Das Bundeskartellamt übt Kritik am vom Bundeskabinett beschlossenen Entwurf zum Kraftwerksgesetz (StromVKG). In einer Stellungnahme teilt die Behörde mit, dass der Entwurf die Chance, einen möglichst wettbewerblichen Markt zu gestalten, ungenutzt lasse. Konkret bemängeln die Wettbewerbshüter, dass Batteriespeicher de facto von der Förderung ausgeschlossen seien.
Kritisiert wird, dass bereits bei der Bewerbung um Ausschreibungen ein bestehender oder zugesagter Netzanschluss nachgewiesen werden muss. Dies führe zu einer Bevorzugung bestehender Kraftwerksstandorte. Noch nicht beim Netzbetreiber beantragte und genehmigte neue Standorte hätten in der vorgesehenen Bewerbungsfrist keine realistische Chance auf eine Netzanschlusszusage. Dies gelte insbesondere auch für Batteriespeicherprojekte, die aufgrund ihrer vergleichsweise kurzen Bauzeiten grundsätzlich auch ohne eine bereits vorliegende Anschlusszusage bis 2031 realisierbar wären.
Die Teilnahme von Batteriespeichersystemen werde auch dadurch erschwert, dass die Anlagen technisch in der Lage sein müssen, bereits nach einer Stunde wieder für mindestens zehn aufeinanderfolgende Stunden Strom einzuspeisen. Das zusätzlich aufgenommene Ein-Stunden-Kriterium dürfte Batteriespeicherprojekte laut dem Bundeskartellamt faktisch von der Ausschreibung ausschließen.

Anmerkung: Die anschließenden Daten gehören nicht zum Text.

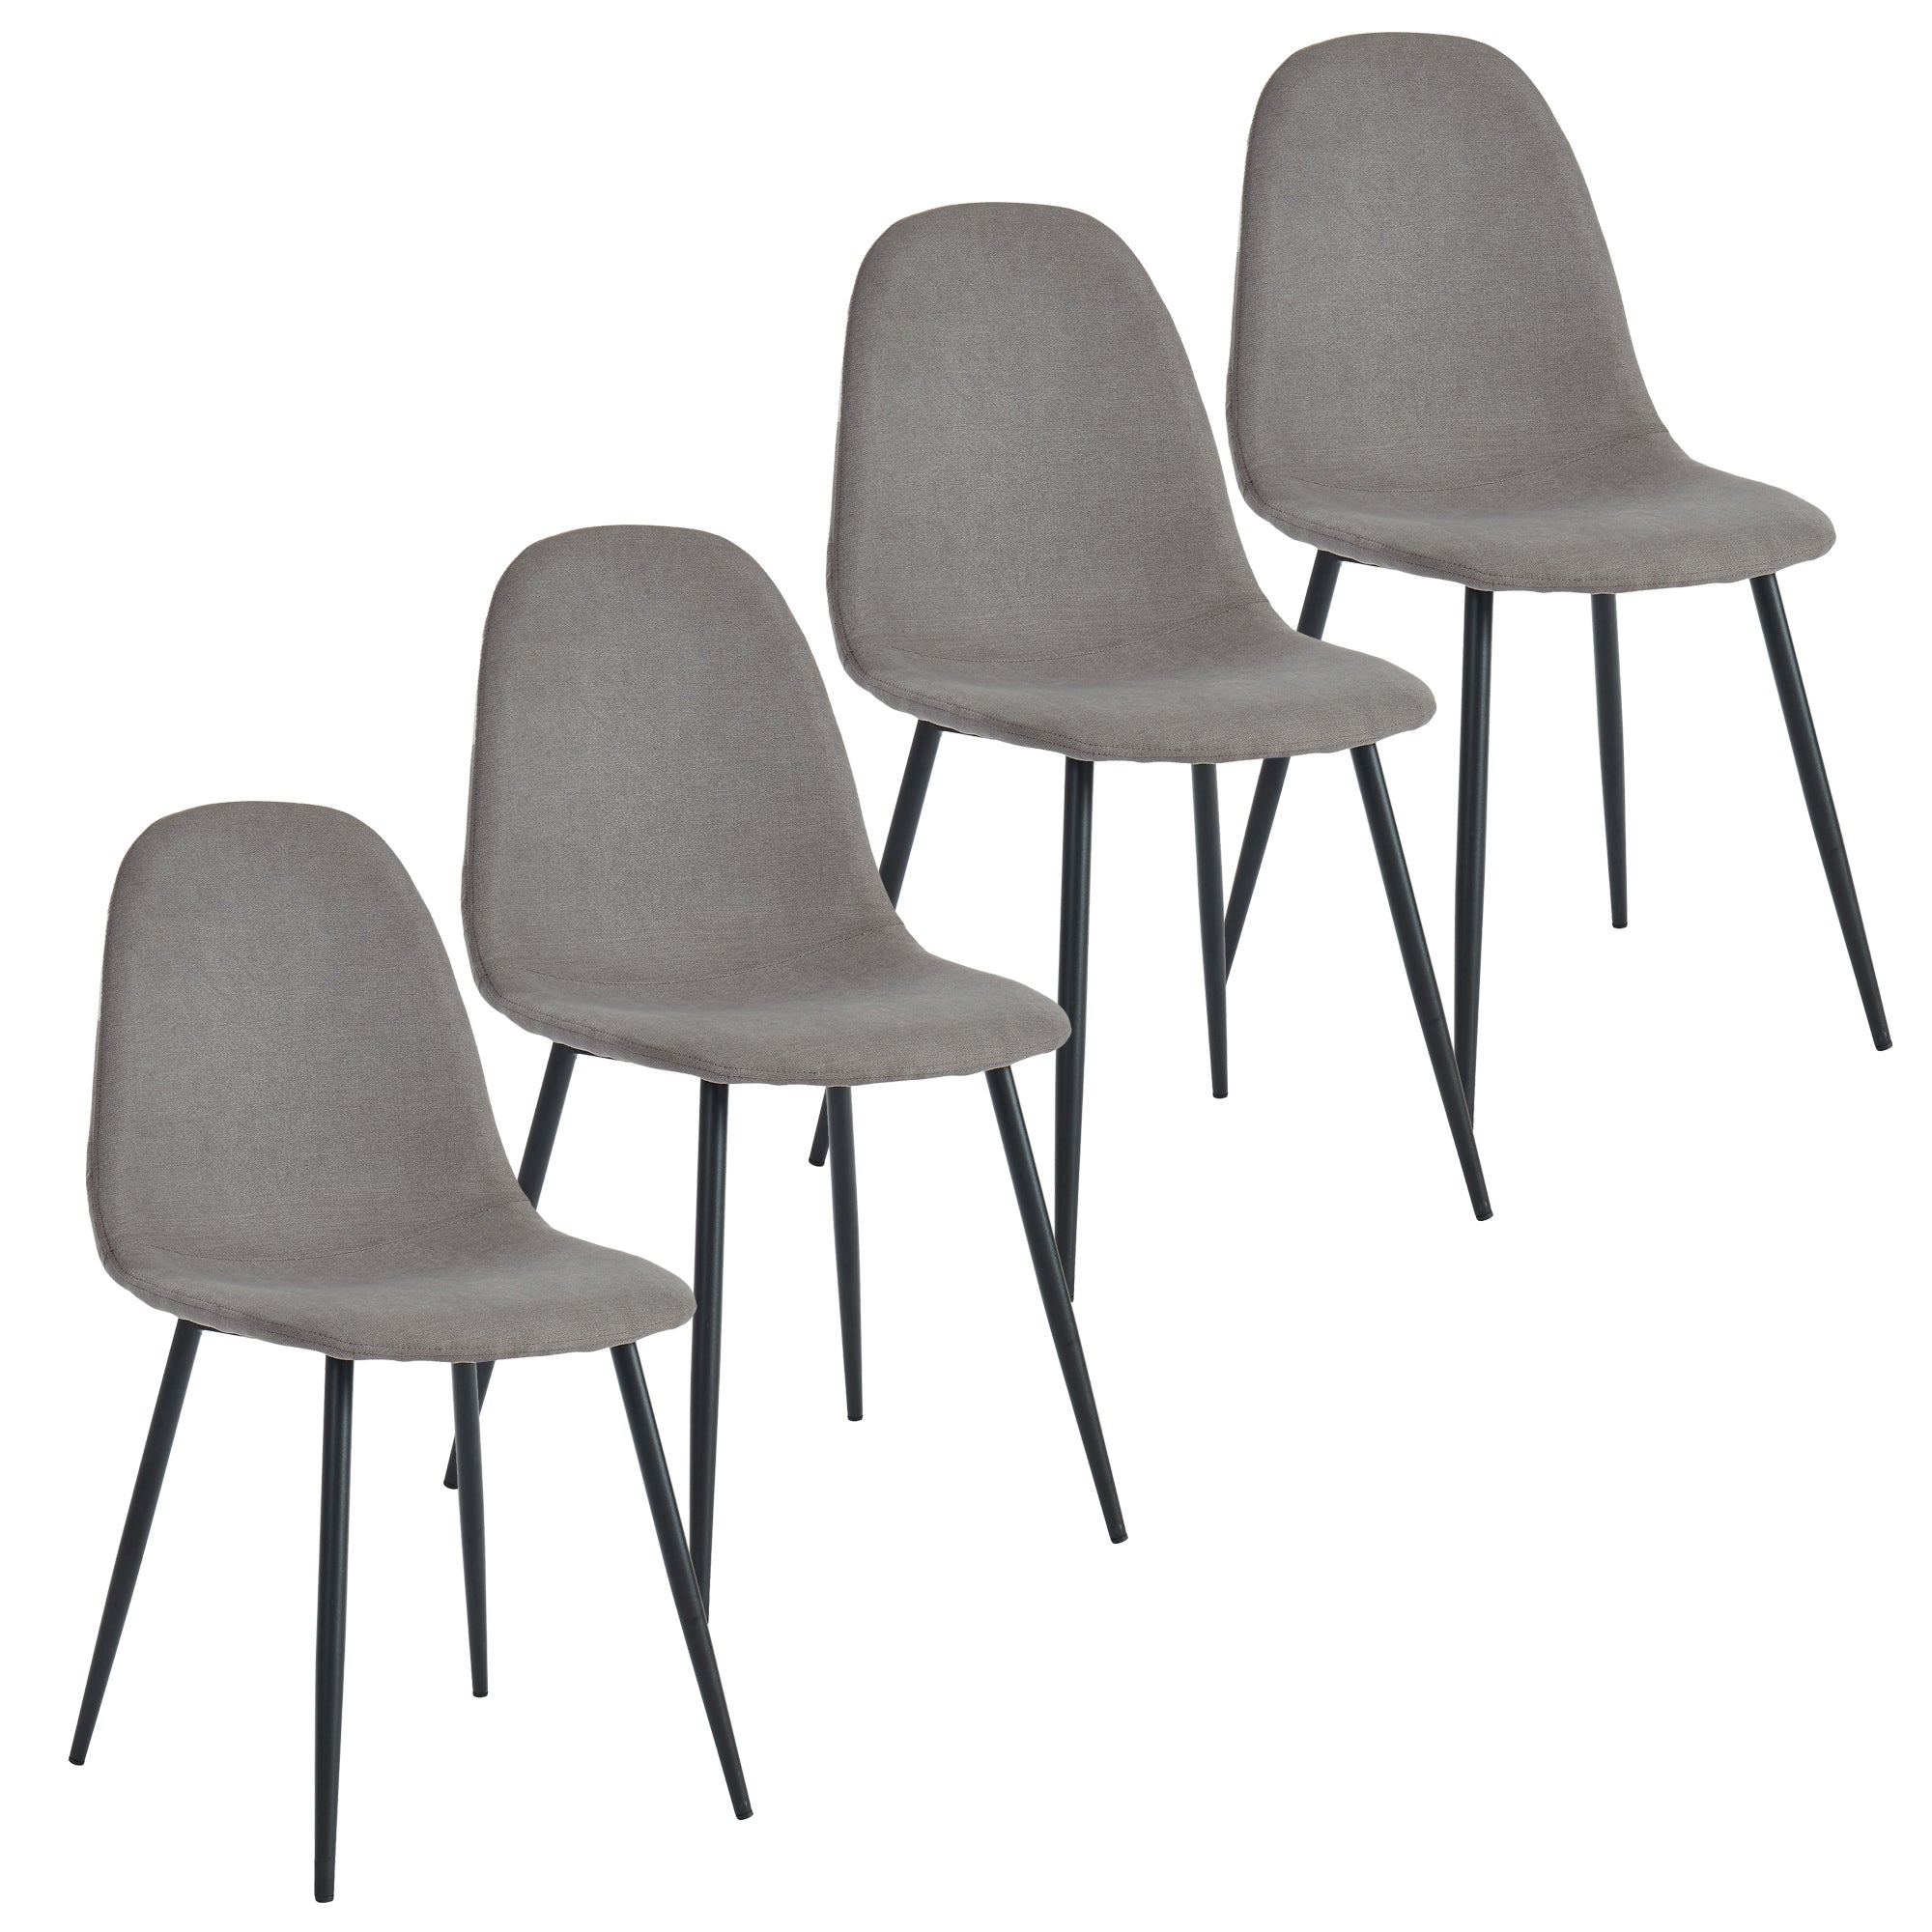 OLLY-SIDE CHAIR-GREY   4 Pcs

»Die im Referentenentwurf angedachten Regelungen verhindern nicht, dass sich bereits heute bestehende, wettbewerblich ungünstige Marktstrukturen verfestigen könnten. Im Ergebnis könnten daraus resultierende Marktmachtstellungen mit dem Instrument der kartellrechtlichen Ex-post-Missbrauchsaufsicht nur bedingt begegnet werden«, warnt das Bundeskartellamt.
Das Bundeskartellamt hatte bereits in einer Stellungnahme vom 10. Dezember 2025 Optionen für ein bestmögliches wettbewerbliches Ausschreibungsdesign aufgezeigt. Diese seien jedoch nicht genutzt worden.